Tuesday, March 22, 2011

Meet the teacher: Simone Selby

1. Please describe the style of yoga you teach.
I teach a back rehabilitation class that is based on a combination of physiotherapy, Pilates and hatha yoga. The 10-week program addresses a different part of the body each week, e.g. neck and shoulders, sacro-iliac and lumbar spine, abdominals and sides. Each class works on decompressing the vertebral collumn, pelvic floor and deep core muscle strengthening, as these are the basics of alleviating back and neck problems.

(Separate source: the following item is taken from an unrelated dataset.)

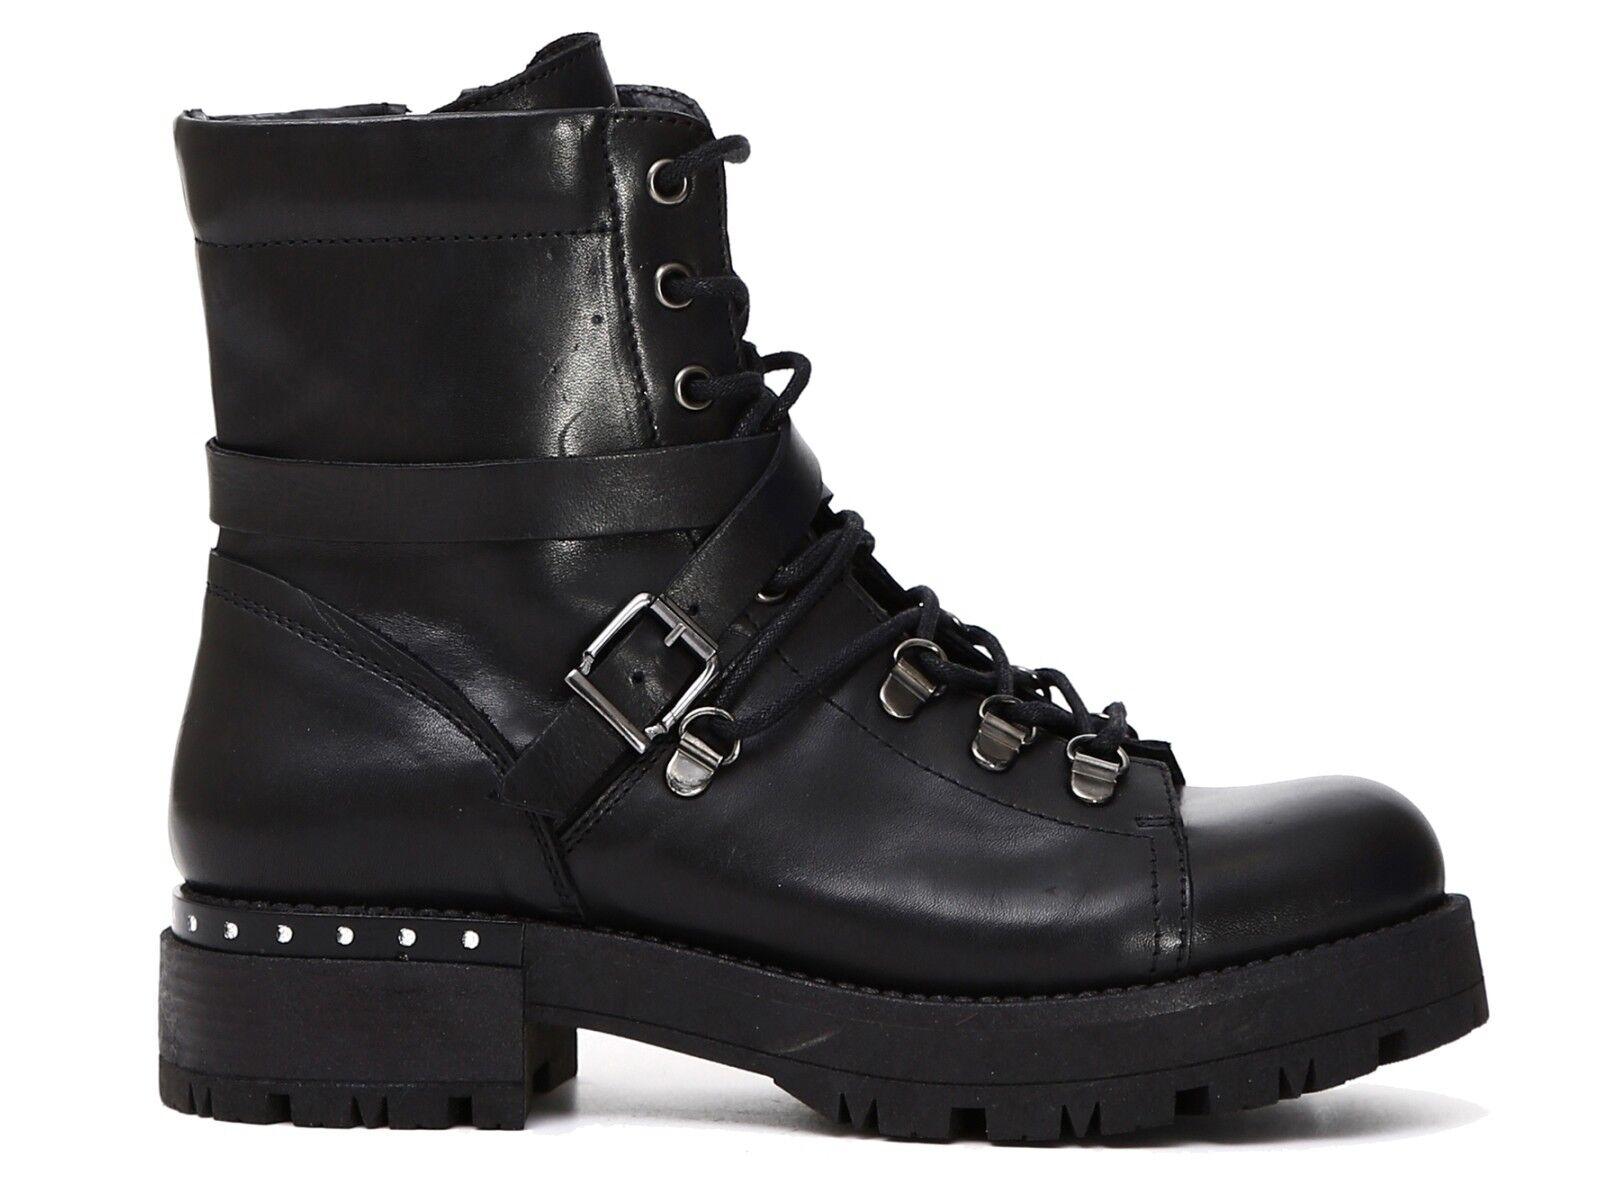 Grandes zapatos con descuento ANFIBI DONNA CAFENOIR INVERNO FC122 010  TRONCHETTI NERO
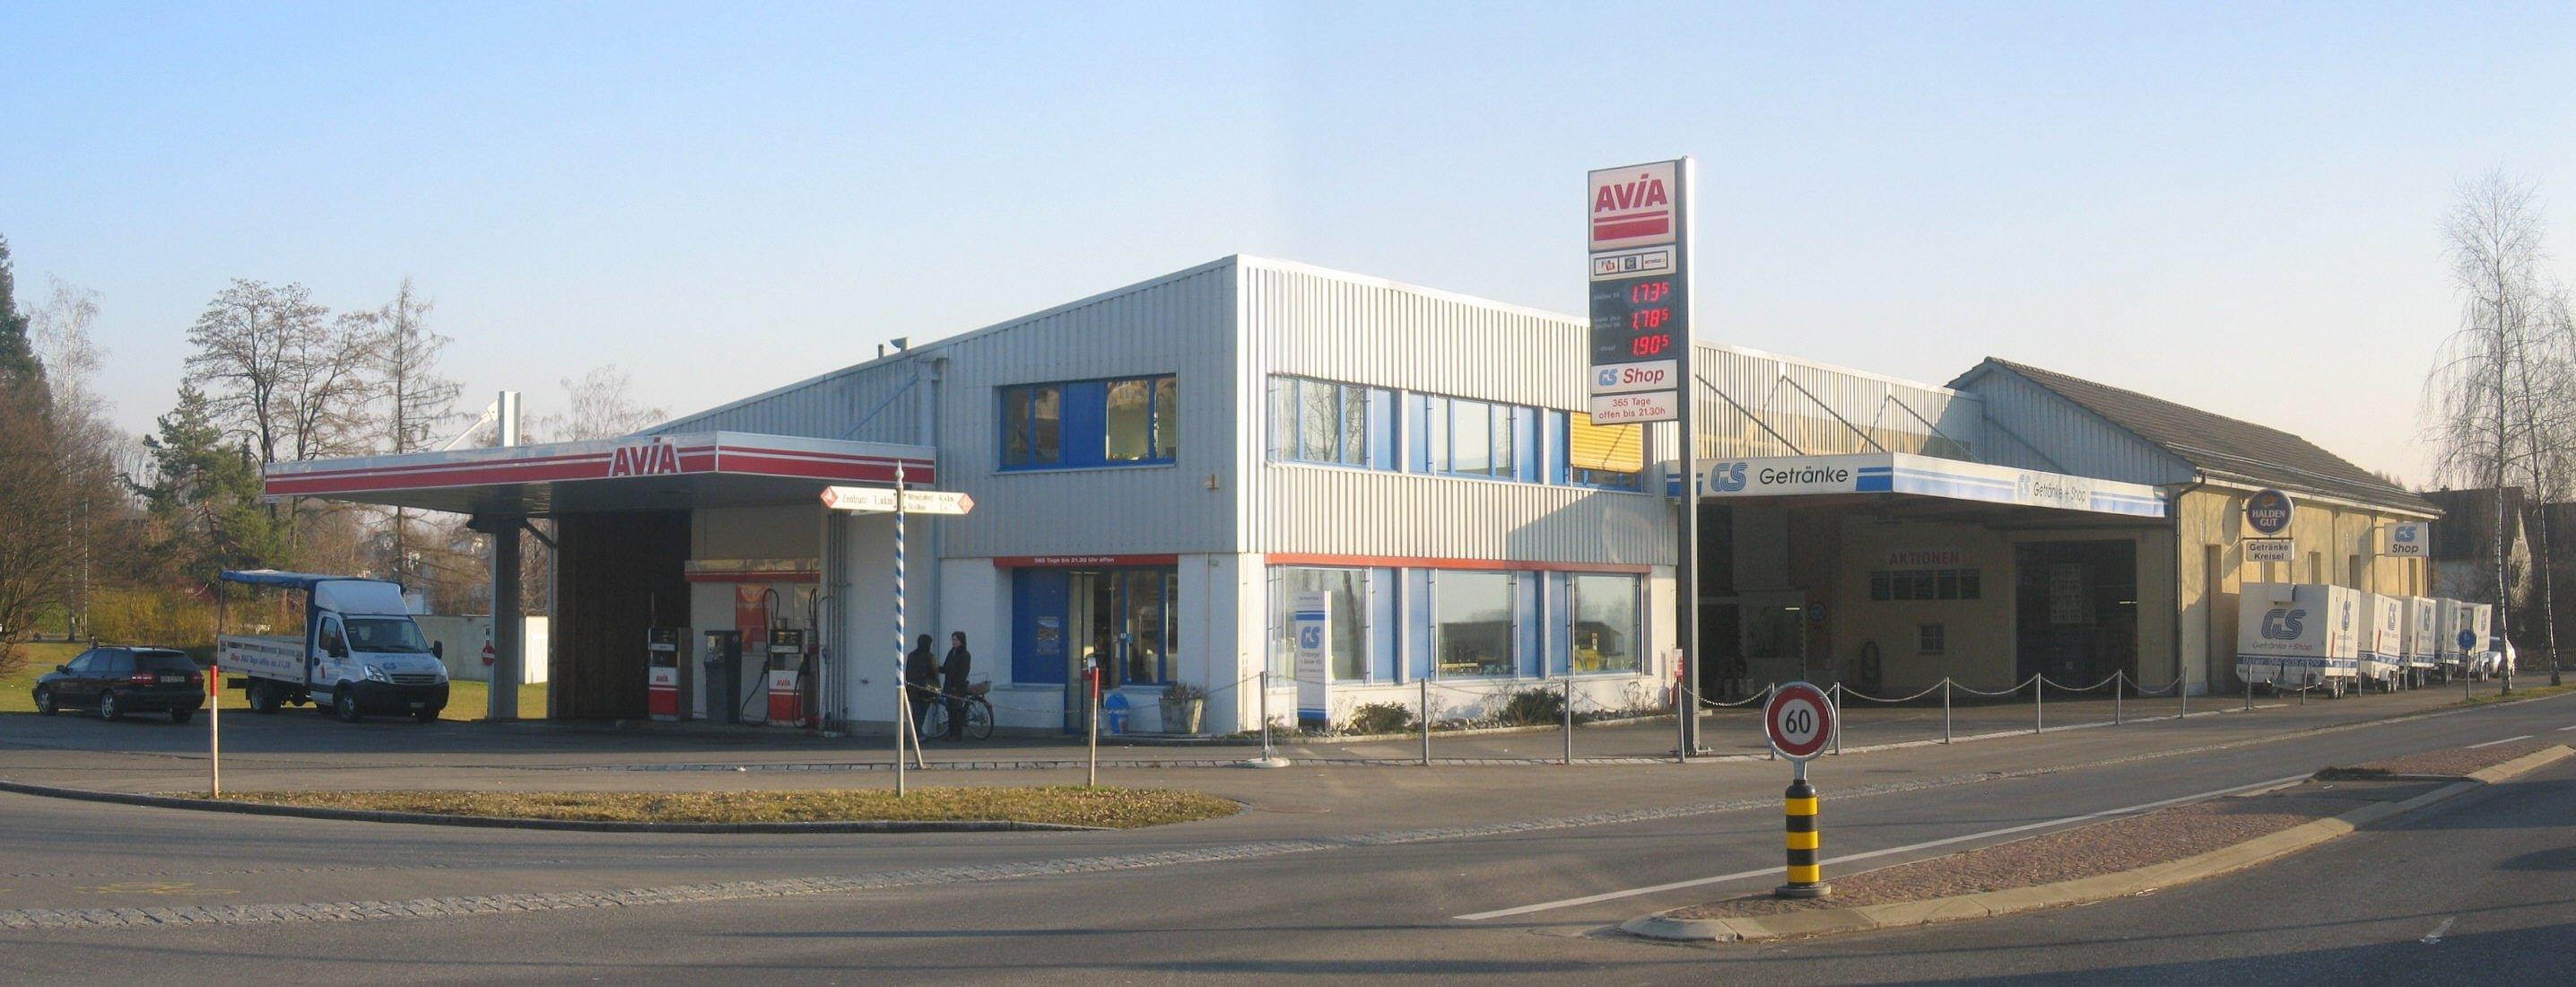 Girsberger & Sieber AG in Uster - Adresse & Öffnungszeiten auf local ...

2. Why did these disciplines appeal to you initially?
Pilates appealed to me as I liked its emphasis on decompression of the spine and peripheral joints. It also specifically strengthens the core muscles of the spine and abdomen. The latest research into chronic spinal pain shows that the Pilates method helps alleviate pain.

3. Why did you decide to become a teacher?
After suffering 20 years of headaches that resolved following a 10-week Pilates program, I felt a moral obligation to the community to share and teach the pilates method. I have been a practicing physiotherapist for 23 years and am also an acupuncturist. I incorporate education about why problems and blockages occur in the body into the pilates class, so that the students understand how and why the exercises can help them

4. How long have you been teaching, and where have you taught before now/where else are you teaching now?
I have been teaching in the Mosman area for 10 years at various studios. I currently teach Monday and Thursday mornings at Mosman Yoga Co-op and Tuesday evenings in Castlecrag.

5. How does teaching fit into your own practice - has it become part of your practice, has it changed your practice?
I have my own acupuncture clinic and physiotherapy practice in Castlecrag. The knowledge I have gained from teaching Pilates over the last 10 years has influenced my work in that all my clients learn to manage and alleviate a lot of their symptoms using exercise programs on their own. It is wonderful to give people the skills to help themselves.

6. If someone is new to yoga or Pilates, what would you tell them to encourage them to begin practising?
I would encourage all ages shapes and sizes to try the pilates method, especially if they have a history of pain. The classes actually show and teach you how to change postural habits and strengthen the hidden muscles of the core. The classes are challenging in that you are learning to use and connect to muscles that you have never used before, but at the same time the class is relaxing and calming due to the nature of the exercises. The class is not aerobic or jarring, rather flowing, strengthening and centering.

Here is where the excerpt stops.